The song is beautifully performed in different incarnations by Kulig, who, by the way, was a singing star in Poland before she was an actor, a la Lady Gaga, and both women show an ability to combine the craft of singing and acting effectively.

“The singing scenes, there’s a lot of acting going on,” Cooper told me of Gaga. “Like her last song (“I’ll Never Love Again”), I think you really respond to her performance as an actress in that scene, besides her voice.”

The motion picture academy concurs, as do movie and music fans. A Star Is Born surpassed $200 million in North America, only recently edged out by Bohemian Rhapsody, which has made a whopping $800 million worldwide and is now the most successful musical biopic of all time (and the most conventional of this year’s lot, almost a reversion to the Dewey Cox formula. If you want to know why Hollywood sticks to convention, here are 800 million reasons).

Gaga helped turn the Star Is Born soundtrack into one of the top-selling albums of the year, joining the Black Panther soundtrack, the soundtrack from Bohemian Rhapsody (in turn sparking a rebirth of Queen’s album sales), and even the Mamma Mia: Here We Go Again soundtrack.

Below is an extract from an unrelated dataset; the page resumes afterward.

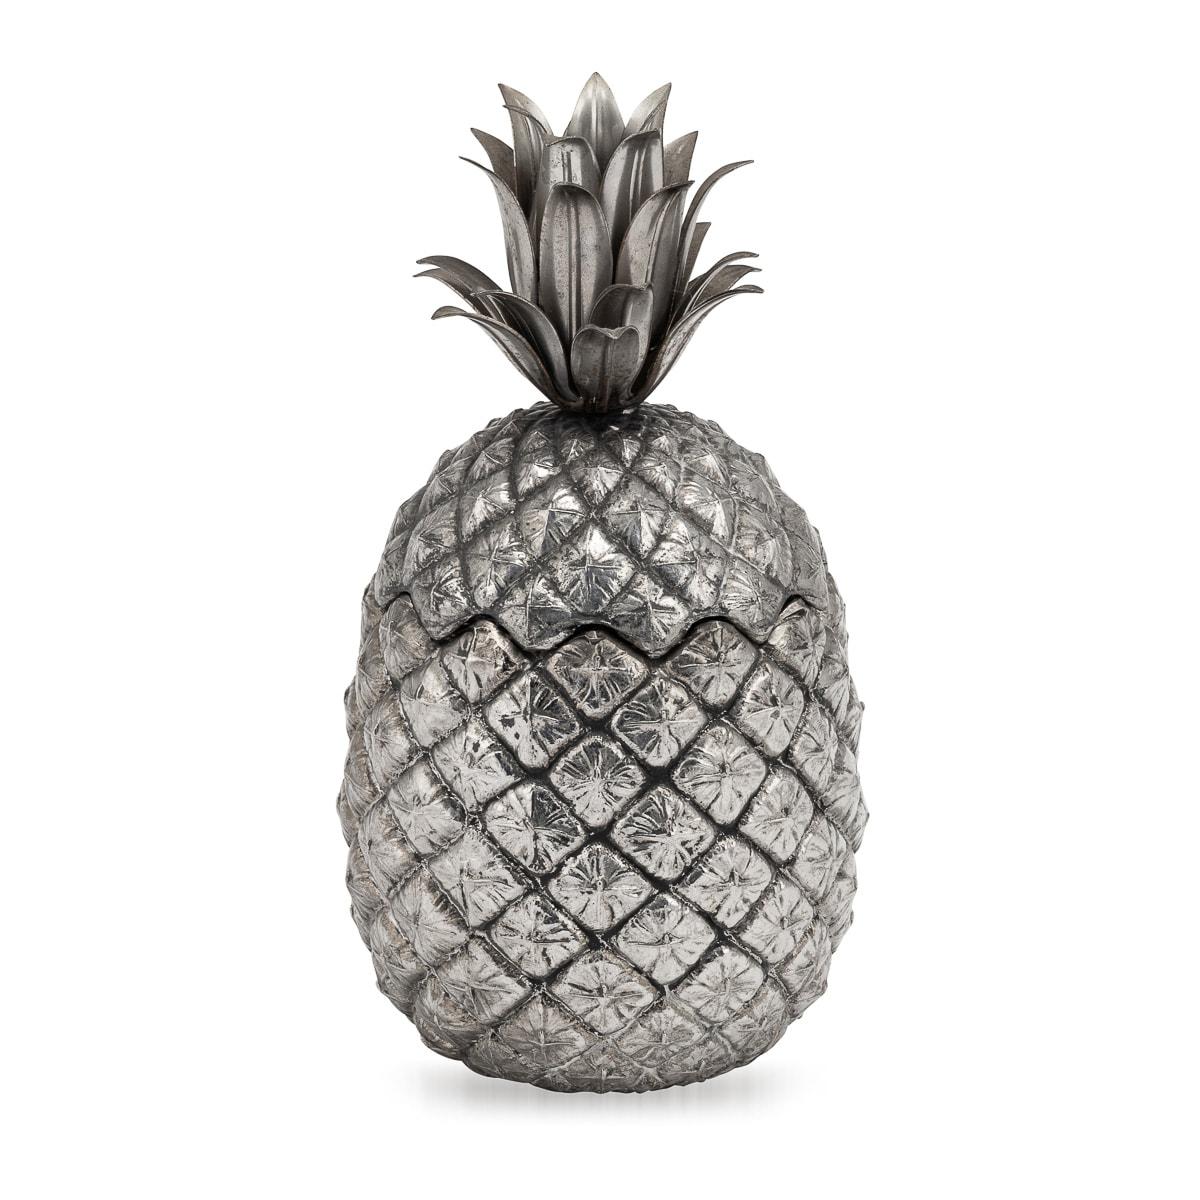 Italian 20th Century Silver Plated Pineapple Ice Bucket By Mauro Manetti, Italy c.1970

In that context, it’s a little disappointing that Green Book didn’t revive more interest in the music of Don Shirley, whose unique fusion of jazz/pop/classical on piano plays a starring role in the film, the story of the fraught relationship between Shirley (Ali) and his racist driver Tony (Viggo Mortenson). Tony doesn’t know what to make of the musician until he hears him play, and the first barriers between the two men begin to fall.

I’d say Ali is a shoo-in for best supporting actor.

Best song? Beats me. I expect Cooper and Gaga’s “Shallow” to win, but you never know.

I’m still disillusioned by the loss of “Everything Is Awesome” in 2014, apologies to John Legend and “Glory.”